▶ **Given information**:
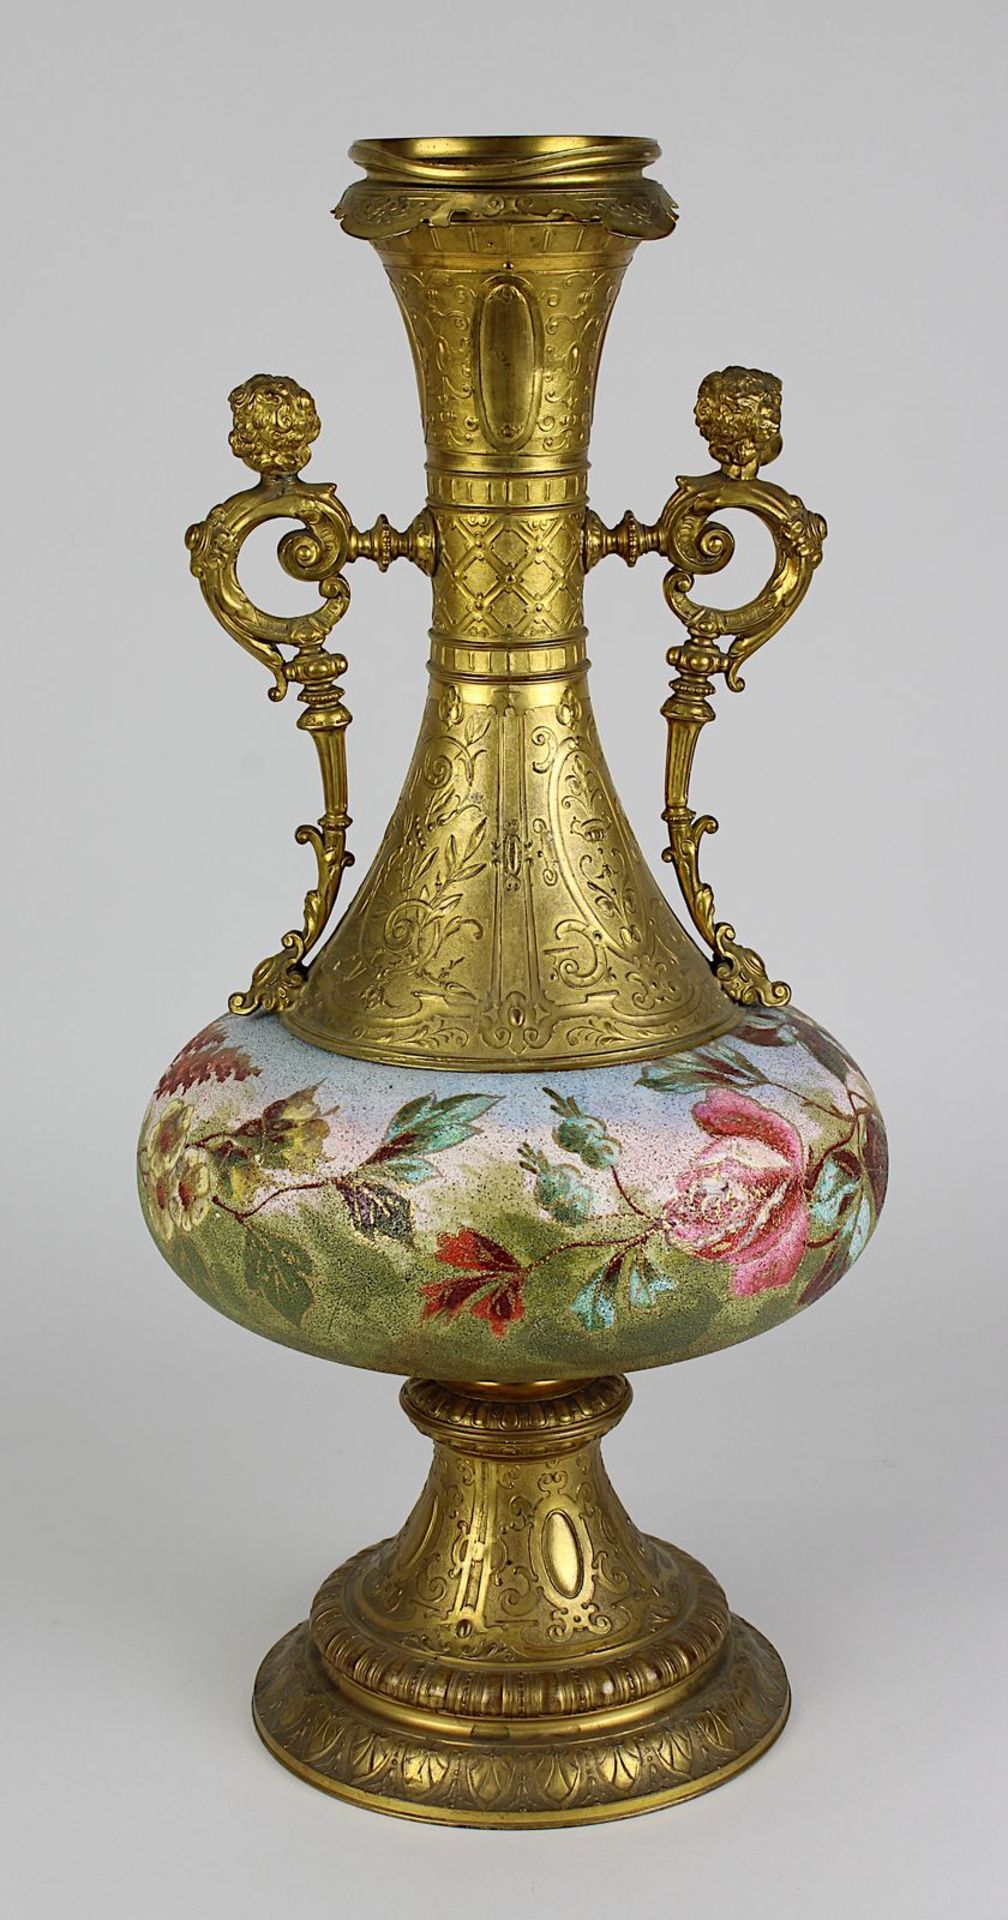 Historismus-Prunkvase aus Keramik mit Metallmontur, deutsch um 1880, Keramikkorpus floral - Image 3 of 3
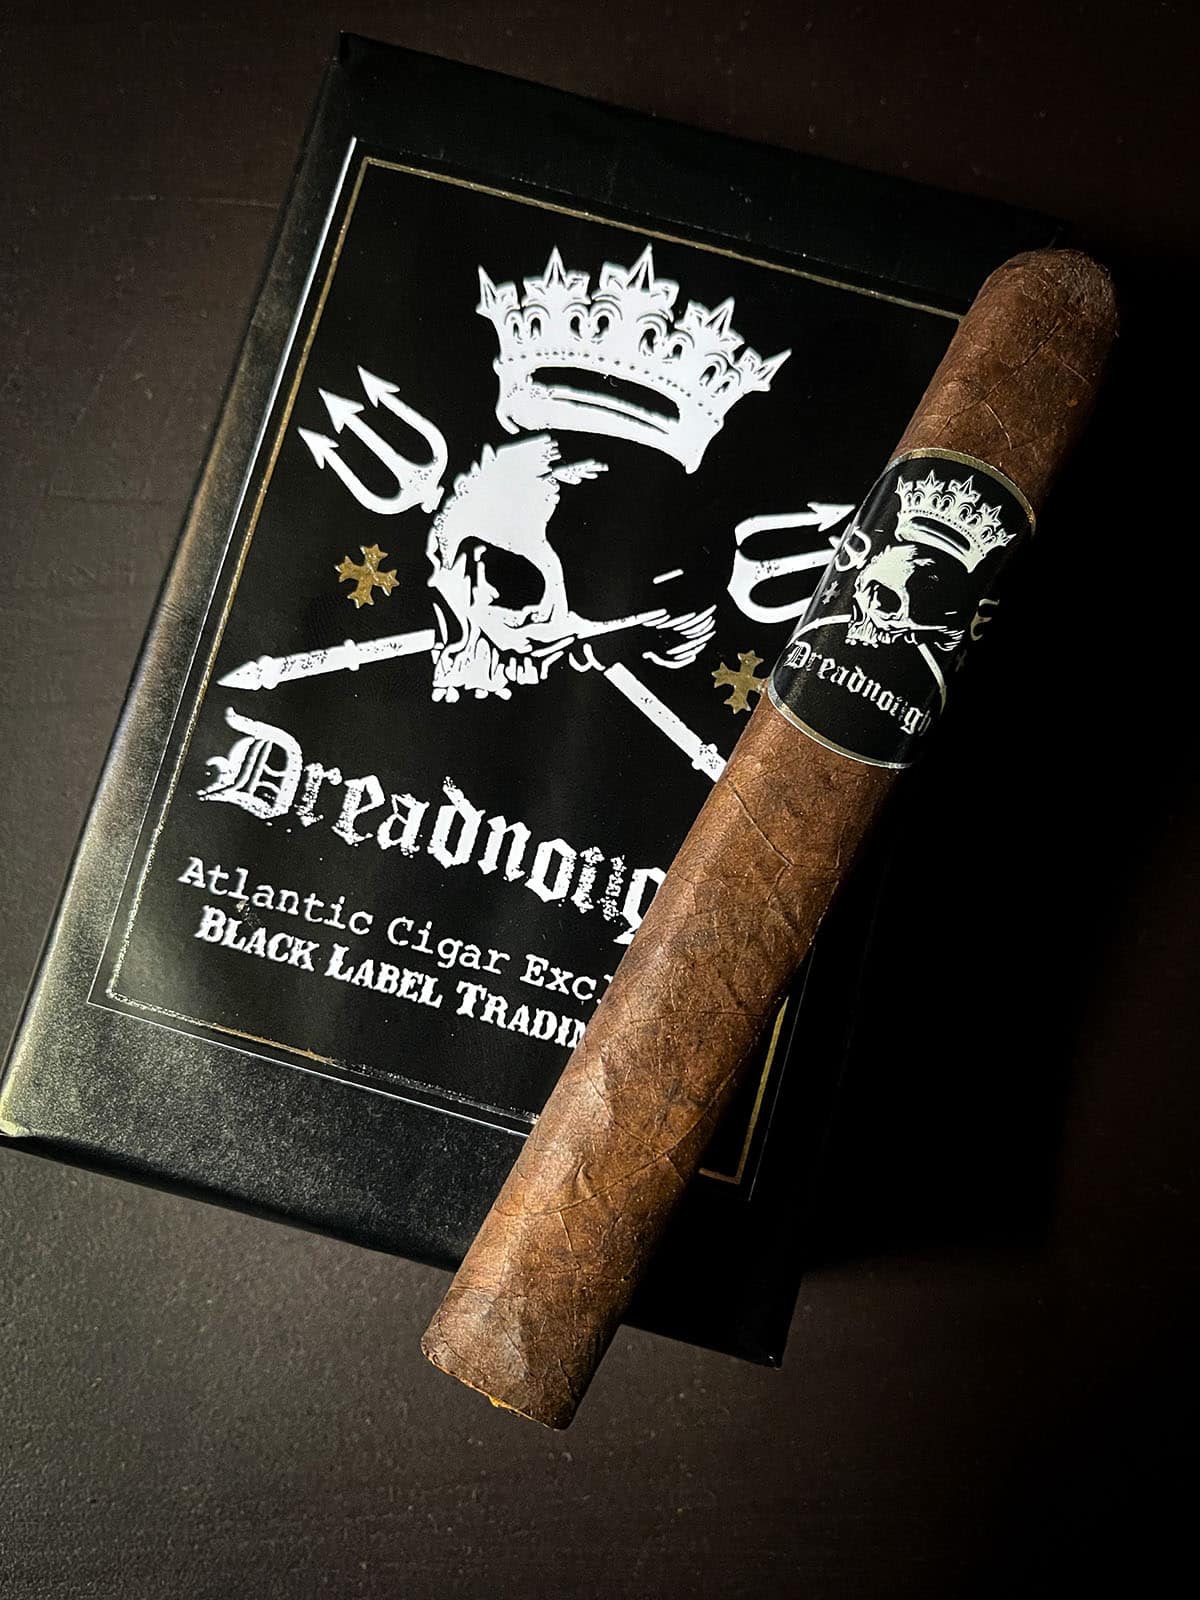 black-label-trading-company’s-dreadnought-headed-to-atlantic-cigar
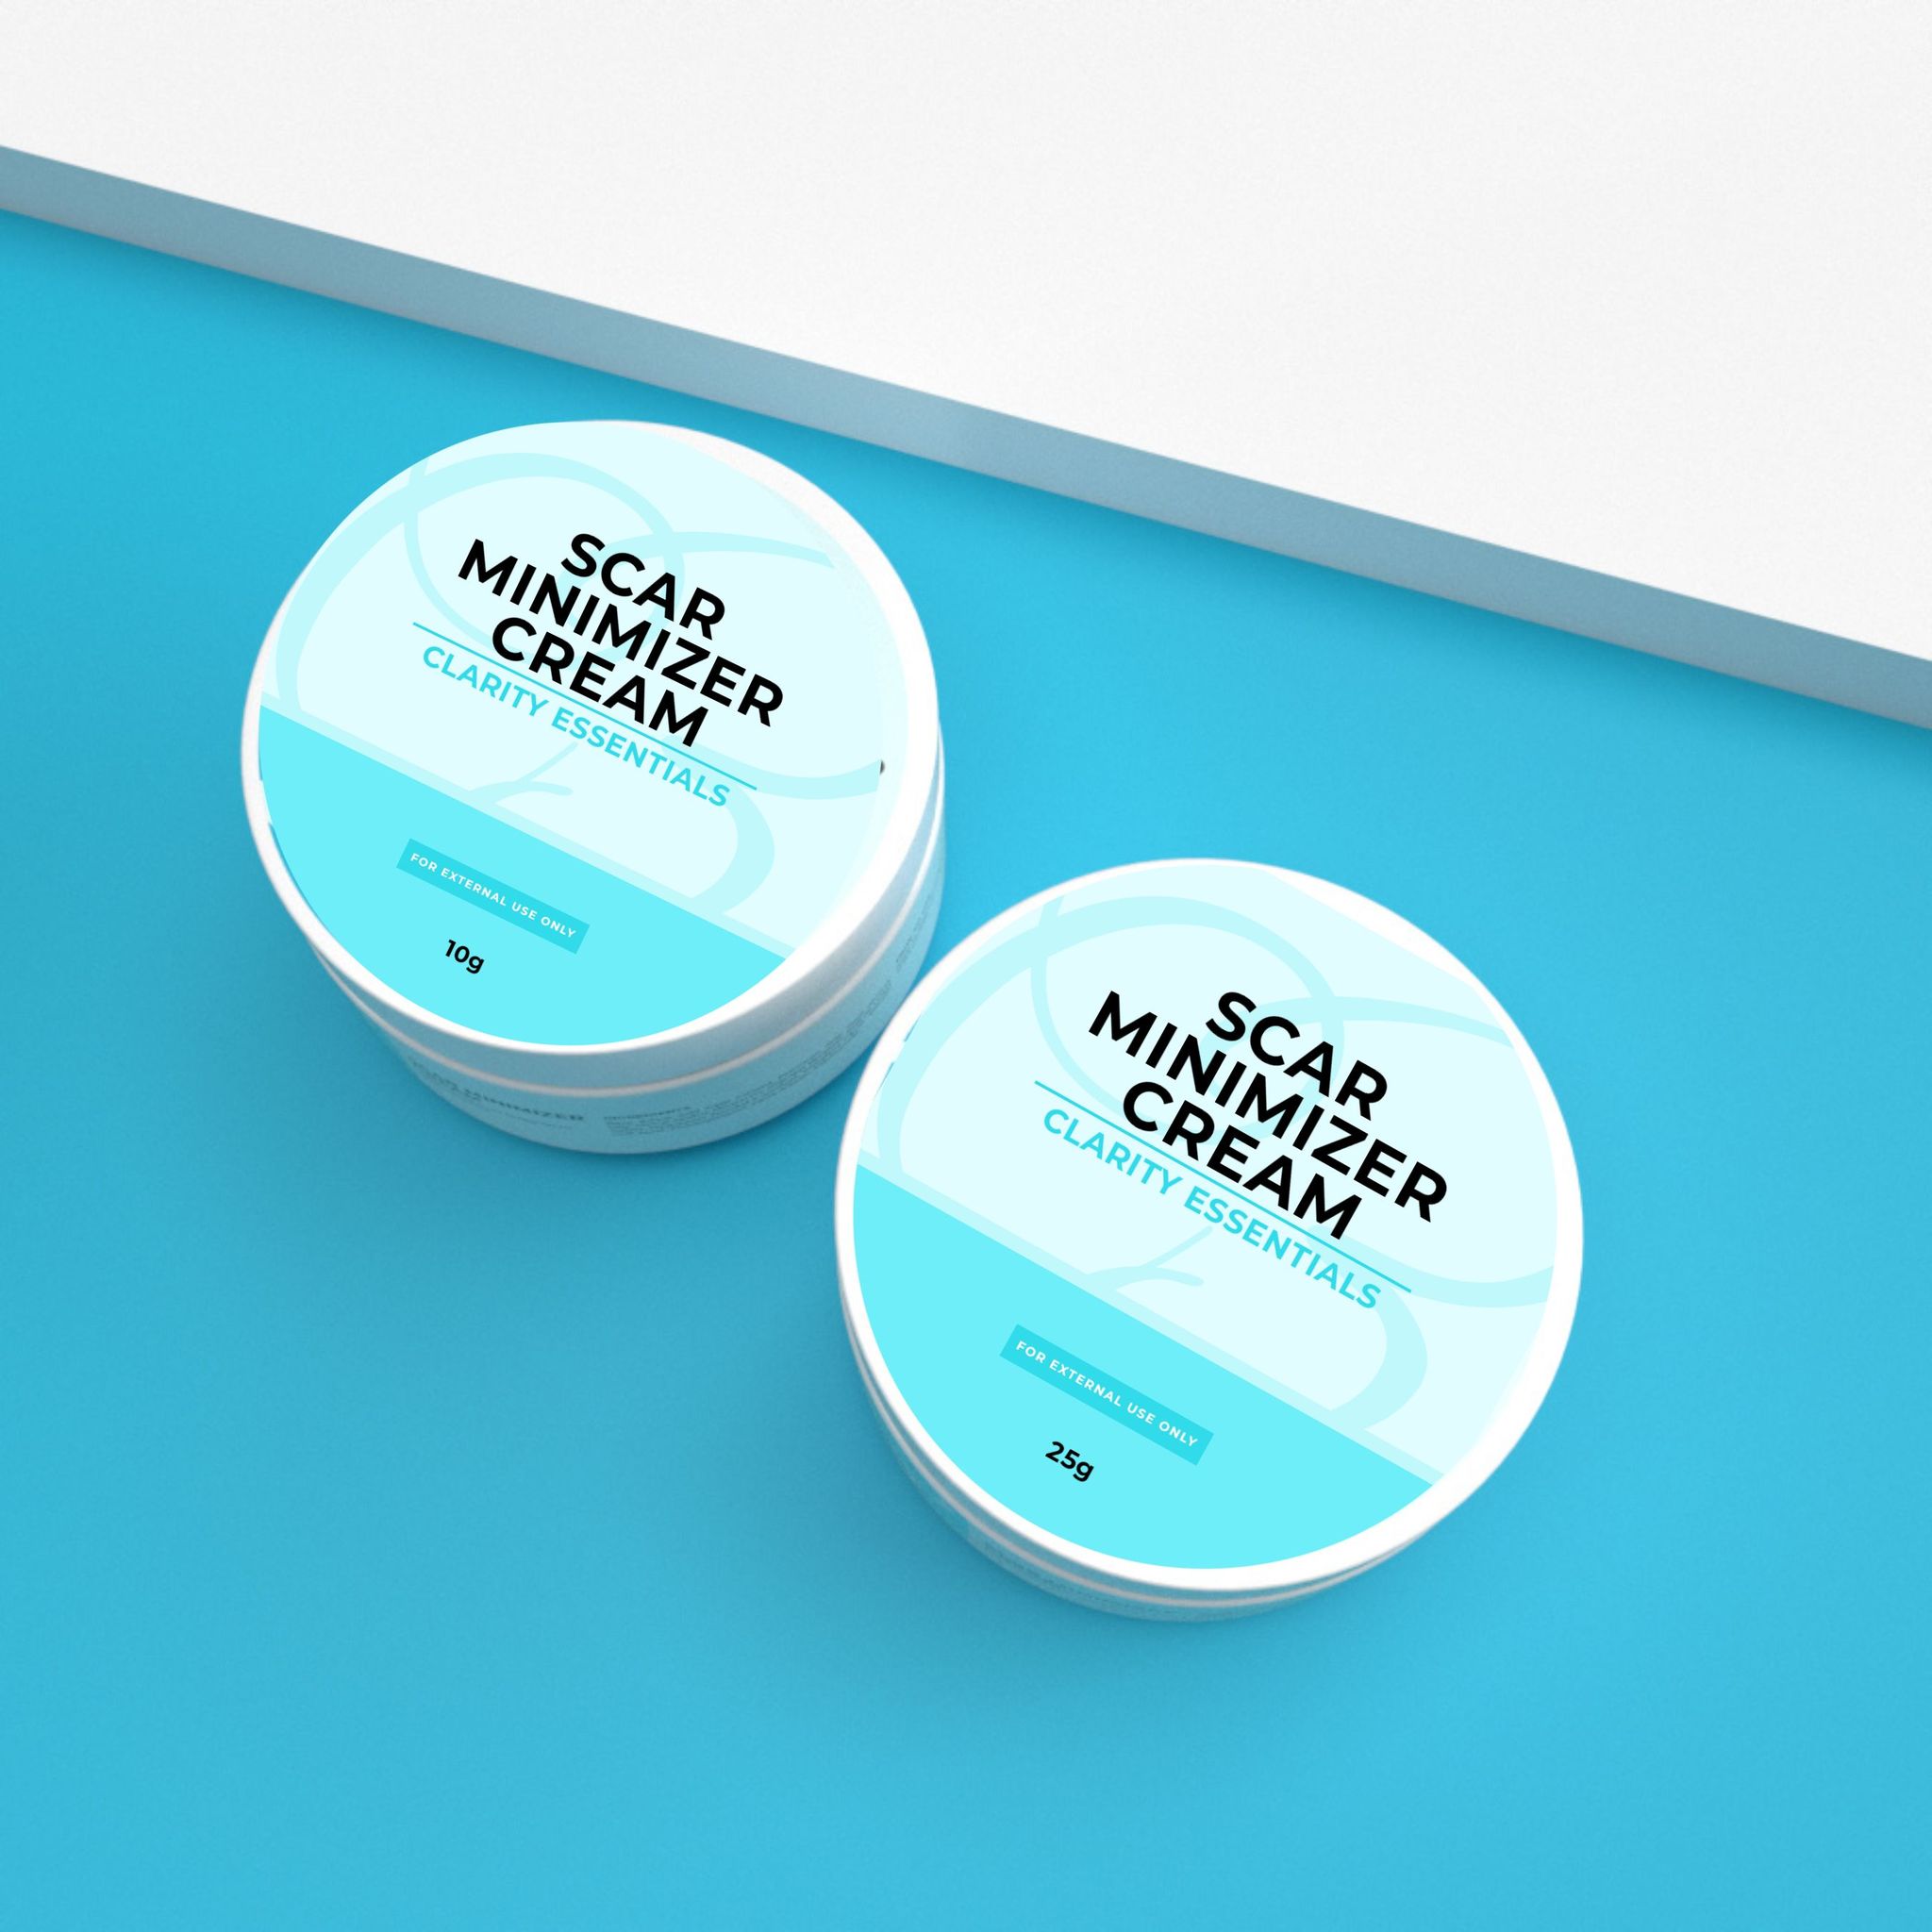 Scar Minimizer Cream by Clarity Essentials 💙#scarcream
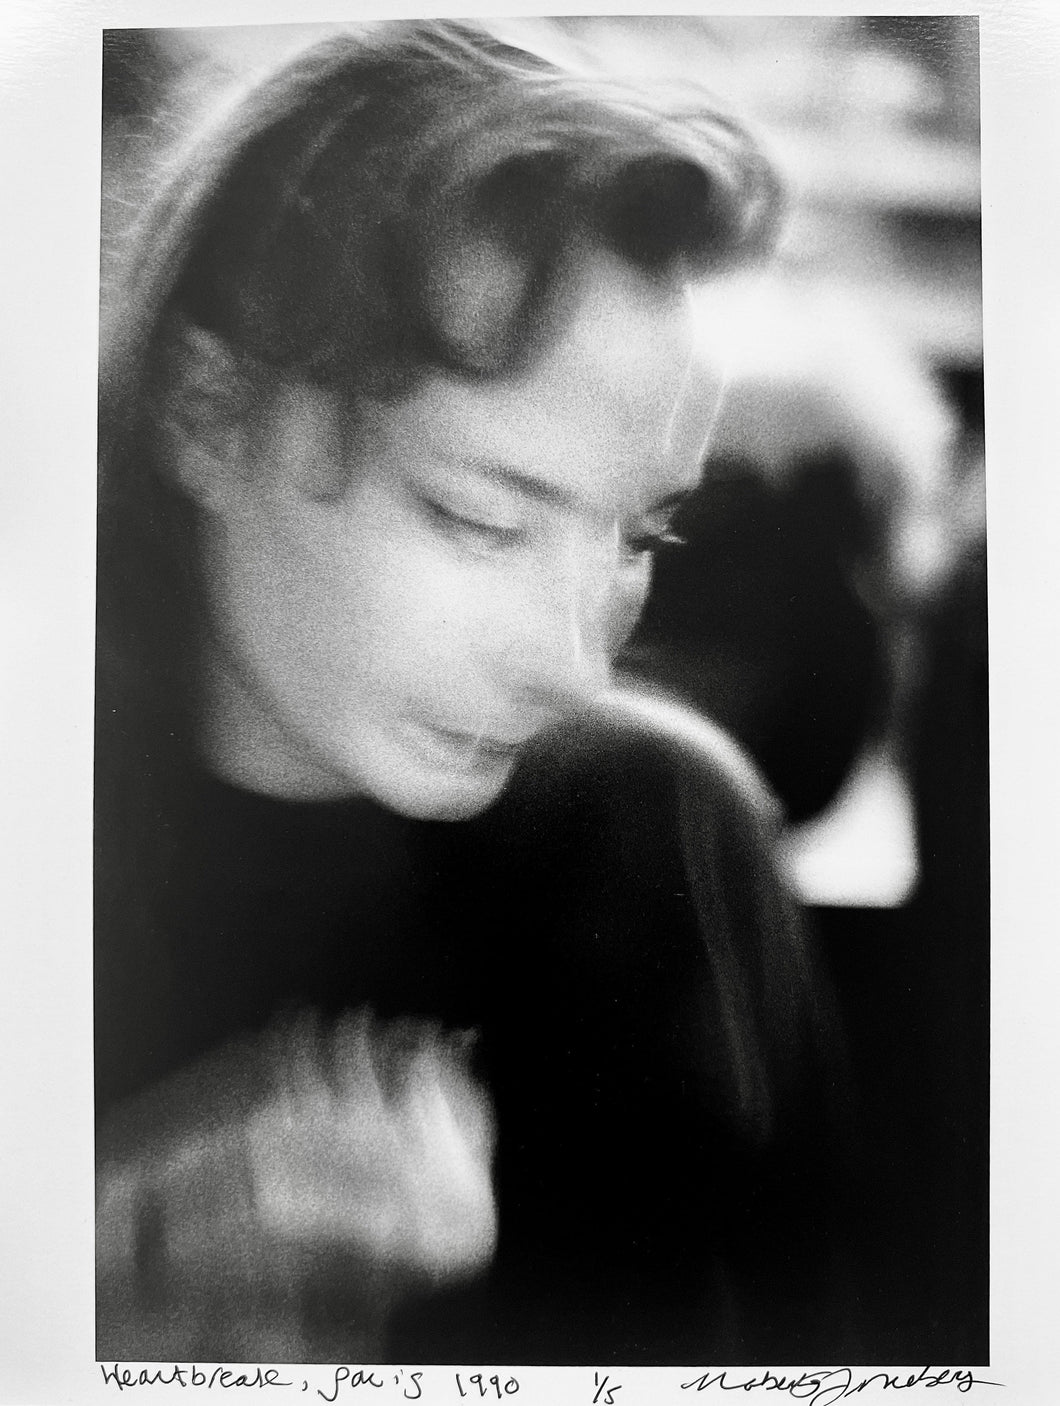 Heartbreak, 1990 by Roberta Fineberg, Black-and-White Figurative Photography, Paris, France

▶ **Task details**:
Would you repeat each line of the listing exactly, skipping any picture?

▶ **Final answer**:
 Historismus-Prunkvase aus Keramik mit Metallmontur, deutsch um 1880, Keramikkorpus floral - Image 3 of 3
 black-label-trading-company’s-dreadnought-headed-to-atlantic-cigar
 Scar Minimizer Cream by Clarity Essentials 💙#scarcream
 Heartbreak, 1990 by Roberta Fineberg, Black-and-White Figurative Photography, Paris, France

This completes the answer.